Wie geht es weiter? – Ein Ausblick
Zukunftsbezogen ist es sinnvoll, spezifische Unterstützung und zusätzliche Ressourcen nicht länger an individuelle Diagnosen einzelner Kinder zu binden, sondern sie systemisch den Einrichtungen zuzusprechen, damit diese hiermit flexibel umgehen können. Inklusion in Kindertagesstätten ist als ein übergreifendes Konzept für alle Kinder zu verstehen. Die Frage nach einem gelingenden Umgang mit Heterogenität sollte in alle Aufgaben der Einrichtung eingebunden werden. Erst dann kann das Innovationspotenzial, das sich aus der Weiterentwicklung in Richtung Inklusion für die Erziehung und Bildung in Kindertagesstätten insgesamt ergibt, zum Tragen kommen. Auch beim derzeitigen Ausbau von Tagesbetreuungsplätzen für Kinder bis zu drei Jahren sollte an eine Verknüpfung mit dem Leitbild der Inklusion gedacht werden, damit von Anfang an strukturelle und konzeptionelle Voraussetzungen für eine Bildung, Betreuung und Erziehung aller Kinder geschaffen werden. In diesem neu erschlossenen Feld gilt es angesichts des hohen Drucks zum quantitativen Ausbau ganz besonders, Qualität zu sichern und differenzielle Effekte zu vermeiden. Es geht also auch darum, Unterschiede in Bildungsausgangslagen durch frühe Betreuung und spezifische Förderung nicht zu verstärken (vgl. Seitz et al, 2012), sondern allen Kin-dern Teilhabe an früher – inklusiv strukturierter – institutioneller Bildung, Erziehung und Betreuung zu ermöglichen.

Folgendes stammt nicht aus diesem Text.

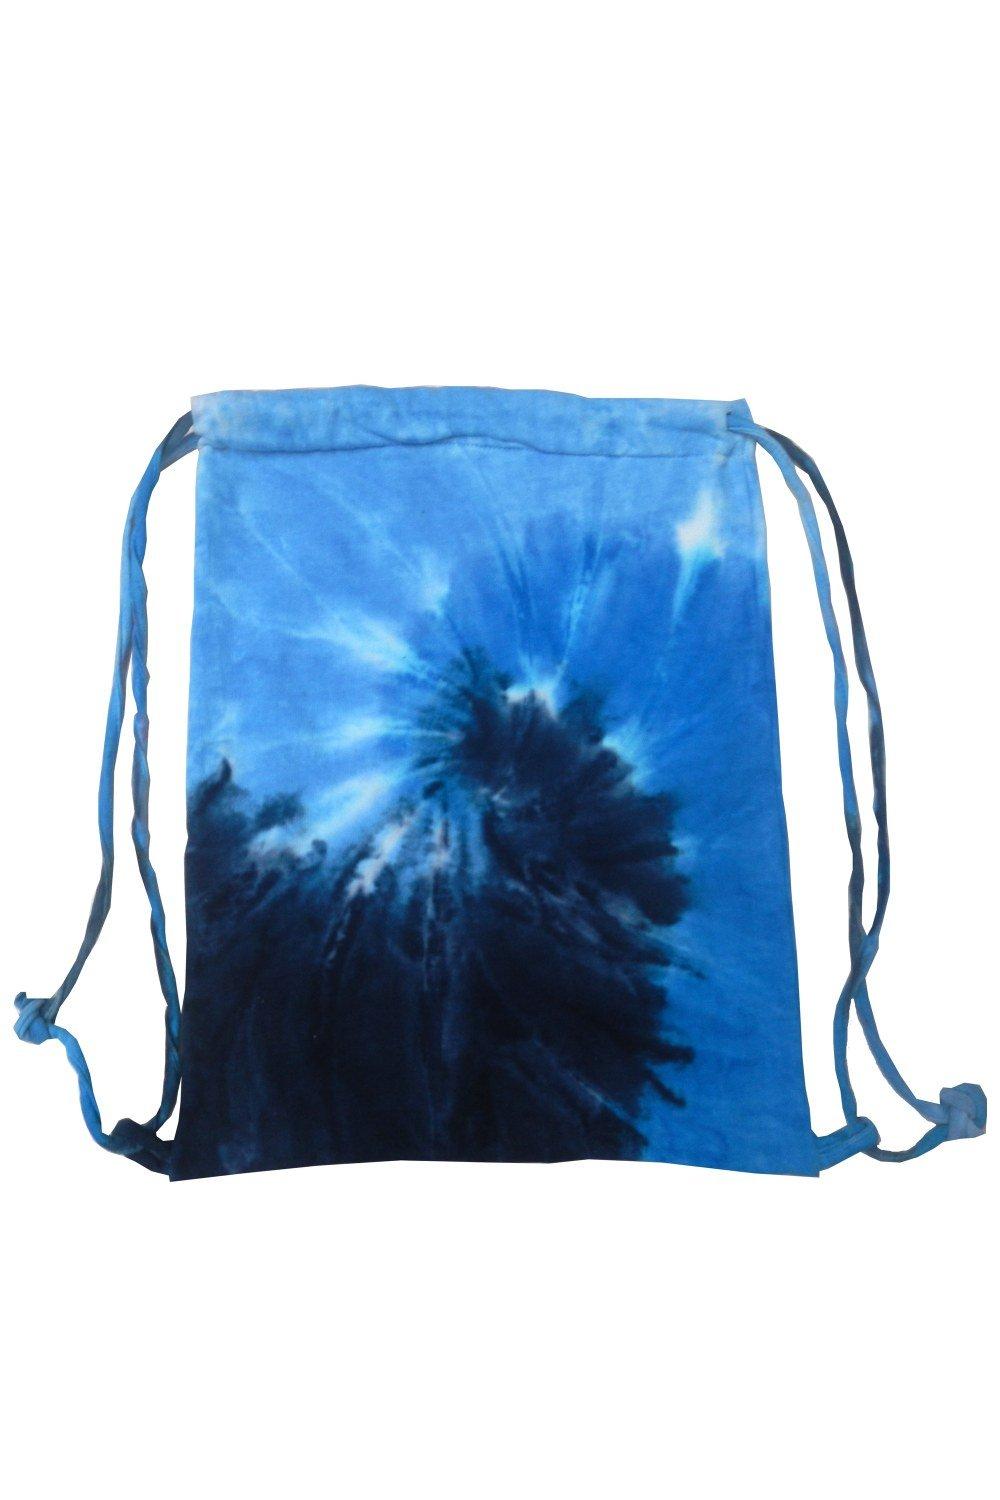 Спортивная большая сумка на шнуровке Tie Dye Colortone, синий спортивная сумка на нижнее сиденье 18 дюймов подушка для духов frontier aa south west sun country airlines черная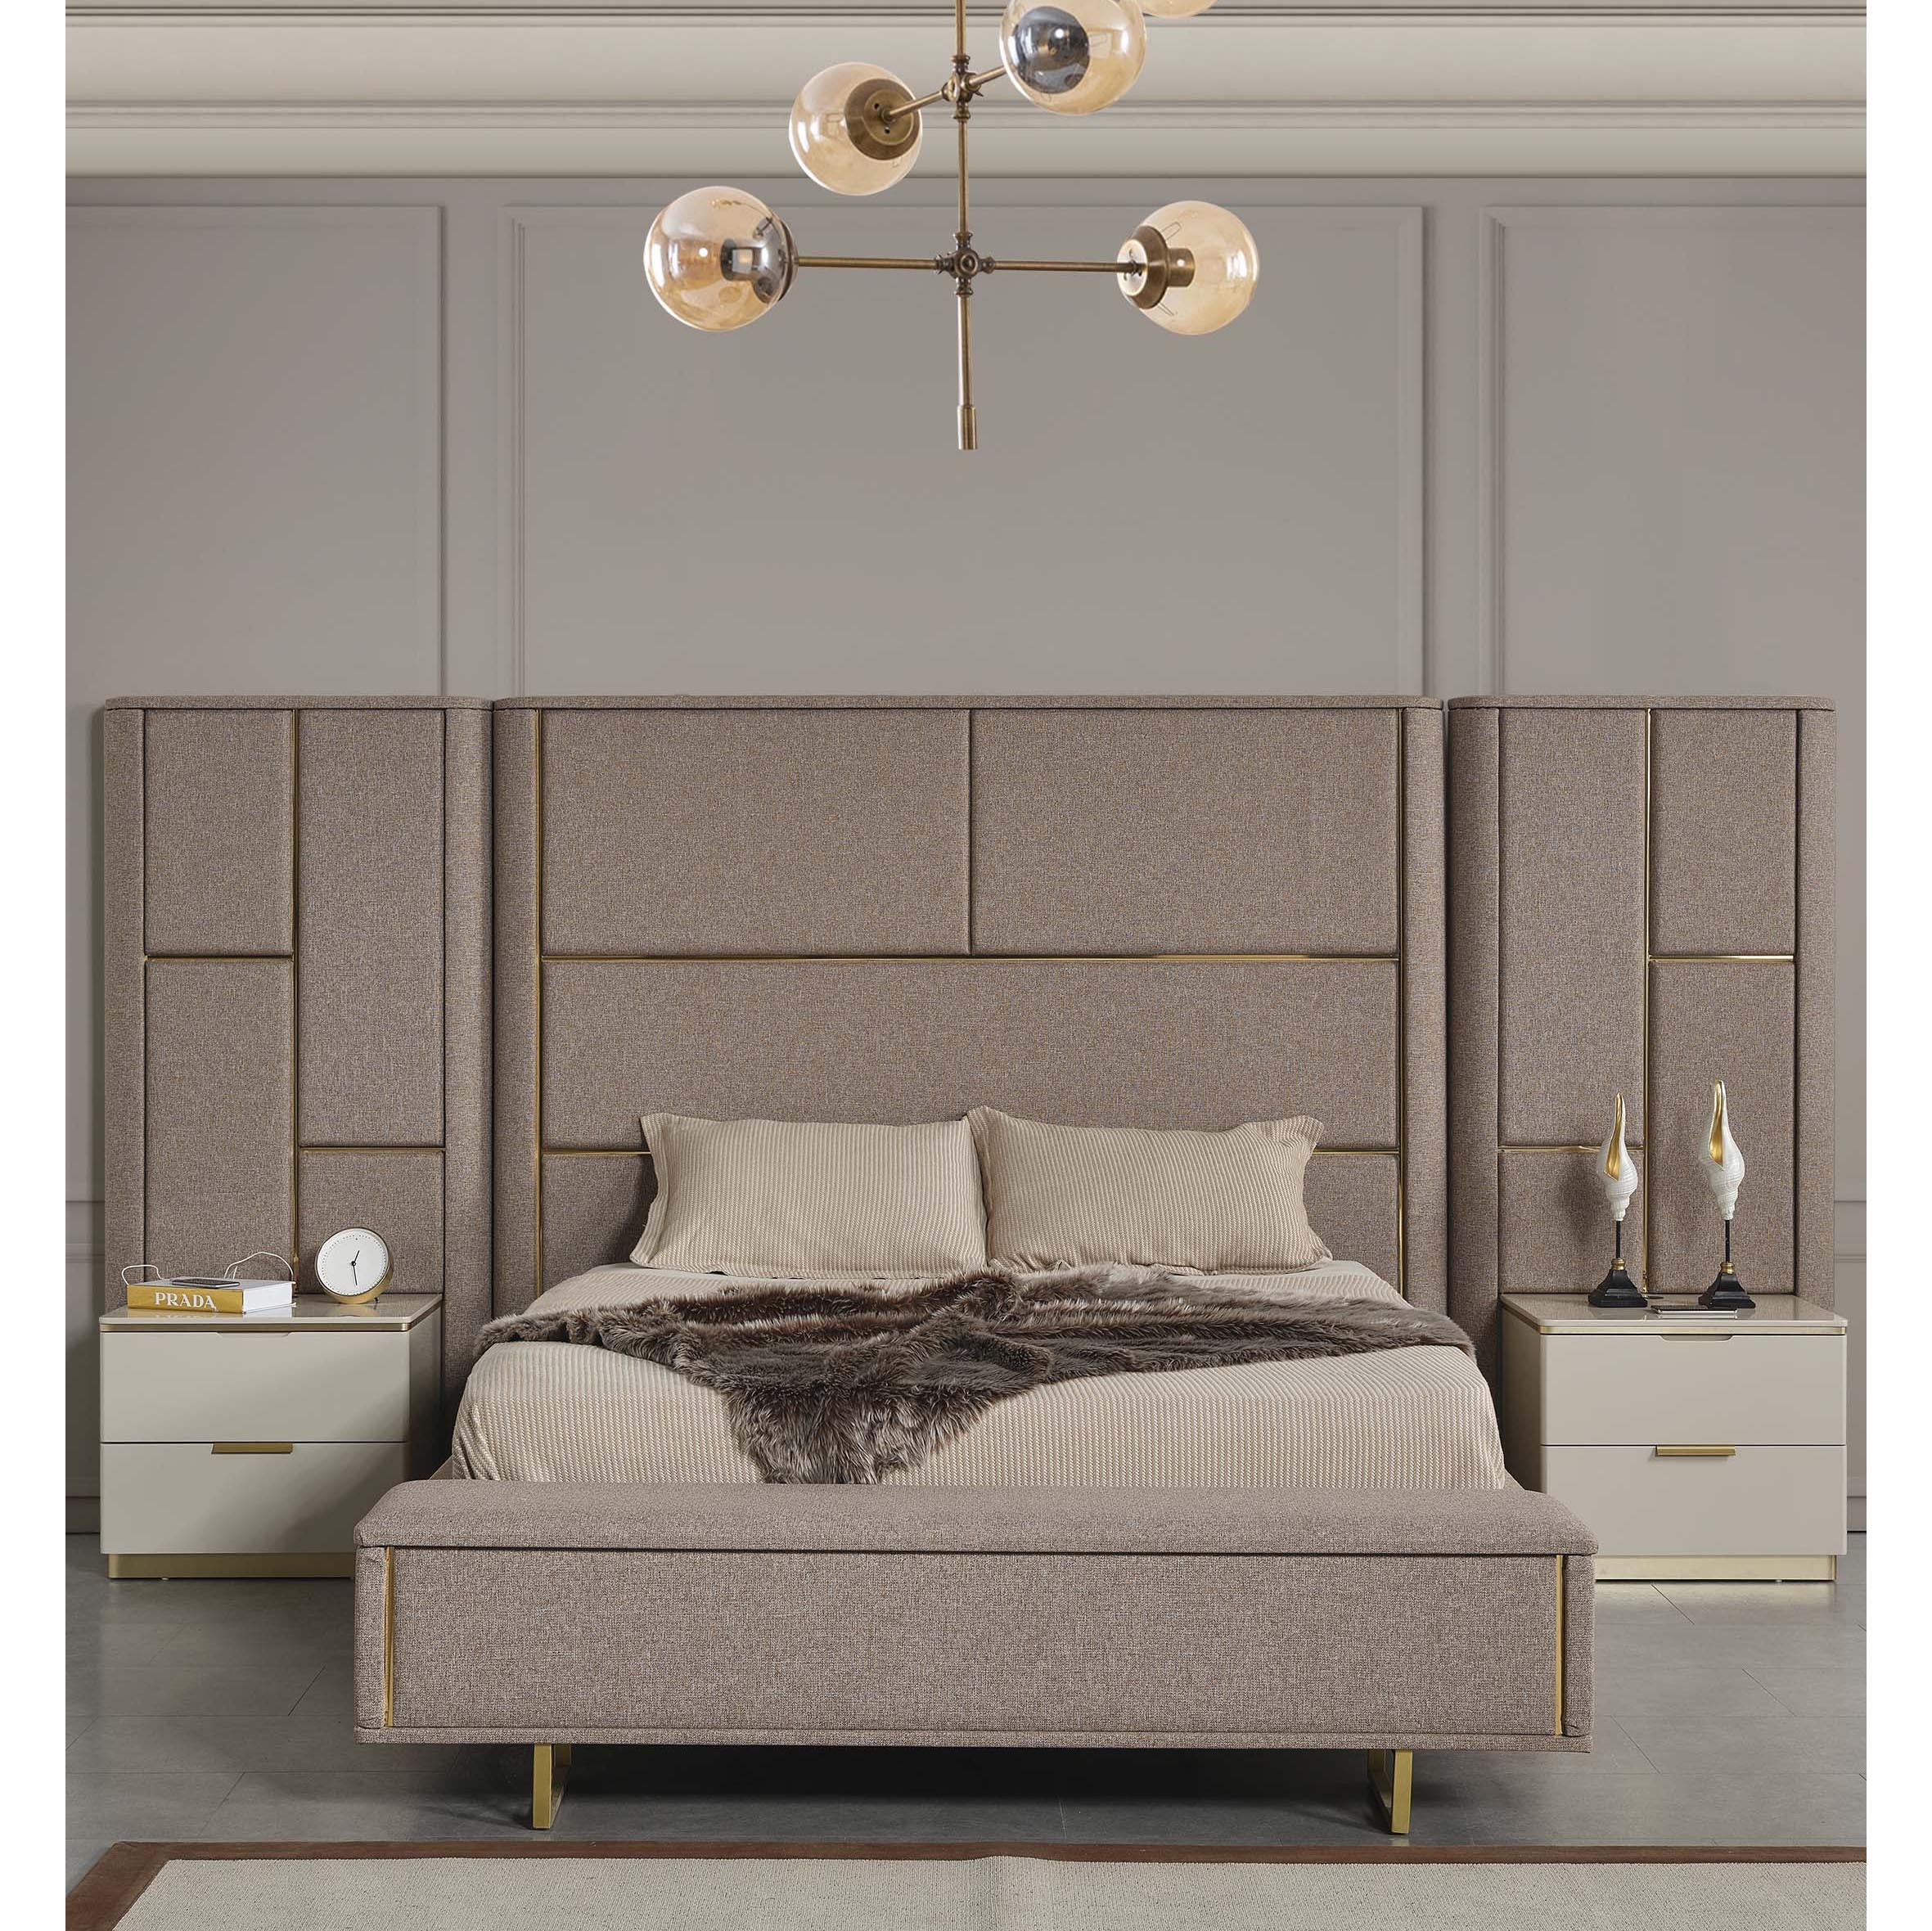 Zirve Bedroom (Bed With Storage 160x200cm)

Wenn es gelingt, einen inklusiv gestalteten, gemeinsamen frühen Einstieg in die Betreuung für alle Kinder als selbstverständlich zu etablieren, so wäre dies eine gute Ausgangsbasis für die weitere Entwicklung inklusiver Strukturen, Werte und Handlungspraxen auf allen Ebenen des Erziehungs- und Bildungssystems als Normalfall.